== Records for this exercise ==

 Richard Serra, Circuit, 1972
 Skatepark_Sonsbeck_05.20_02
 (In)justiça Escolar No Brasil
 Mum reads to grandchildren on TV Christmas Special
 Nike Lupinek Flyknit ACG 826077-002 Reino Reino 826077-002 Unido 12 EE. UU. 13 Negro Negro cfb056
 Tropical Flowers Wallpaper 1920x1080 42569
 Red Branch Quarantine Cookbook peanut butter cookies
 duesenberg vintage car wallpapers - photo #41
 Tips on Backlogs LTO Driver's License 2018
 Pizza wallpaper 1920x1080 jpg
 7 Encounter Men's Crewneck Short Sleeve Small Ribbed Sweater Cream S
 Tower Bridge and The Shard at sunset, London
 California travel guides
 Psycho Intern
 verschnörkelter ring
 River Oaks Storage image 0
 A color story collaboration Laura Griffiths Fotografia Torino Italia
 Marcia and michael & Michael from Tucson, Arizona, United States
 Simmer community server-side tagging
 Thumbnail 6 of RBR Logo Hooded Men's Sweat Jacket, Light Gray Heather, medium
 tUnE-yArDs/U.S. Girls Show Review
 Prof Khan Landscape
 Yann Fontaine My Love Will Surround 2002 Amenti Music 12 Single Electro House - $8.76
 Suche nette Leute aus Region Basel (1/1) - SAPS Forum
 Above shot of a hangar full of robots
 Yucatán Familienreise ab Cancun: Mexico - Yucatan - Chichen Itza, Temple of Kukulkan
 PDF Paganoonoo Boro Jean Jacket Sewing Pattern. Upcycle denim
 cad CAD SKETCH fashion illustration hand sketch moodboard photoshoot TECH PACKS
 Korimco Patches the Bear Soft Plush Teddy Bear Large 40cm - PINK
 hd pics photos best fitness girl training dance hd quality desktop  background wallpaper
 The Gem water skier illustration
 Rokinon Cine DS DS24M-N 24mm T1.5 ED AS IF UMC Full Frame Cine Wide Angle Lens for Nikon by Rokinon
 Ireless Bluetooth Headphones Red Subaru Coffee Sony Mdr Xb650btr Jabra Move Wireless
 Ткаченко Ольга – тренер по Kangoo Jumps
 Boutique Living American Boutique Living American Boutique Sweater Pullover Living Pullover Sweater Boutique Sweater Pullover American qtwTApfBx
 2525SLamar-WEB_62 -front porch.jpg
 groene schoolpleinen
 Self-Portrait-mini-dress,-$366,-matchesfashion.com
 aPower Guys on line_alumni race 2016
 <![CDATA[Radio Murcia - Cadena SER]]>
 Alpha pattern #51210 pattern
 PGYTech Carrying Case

===

Requirement:
Take the line that contains "Ireless Bluetooth Headphones" and each line after it through the end of the records, and repeat them all exactly. Nothing else.

Task answer:
 Ireless Bluetooth Headphones Red Subaru Coffee Sony Mdr Xb650btr Jabra Move Wireless
 Ткаченко Ольга – тренер по Kangoo Jumps
 Boutique Living American Boutique Living American Boutique Sweater Pullover Living Pullover Sweater Boutique Sweater Pullover American qtwTApfBx
 2525SLamar-WEB_62 -front porch.jpg
 groene schoolpleinen
 Self-Portrait-mini-dress,-$366,-matchesfashion.com
 aPower Guys on line_alumni race 2016
 <![CDATA[Radio Murcia - Cadena SER]]>
 Alpha pattern #51210 pattern
 PGYTech Carrying Case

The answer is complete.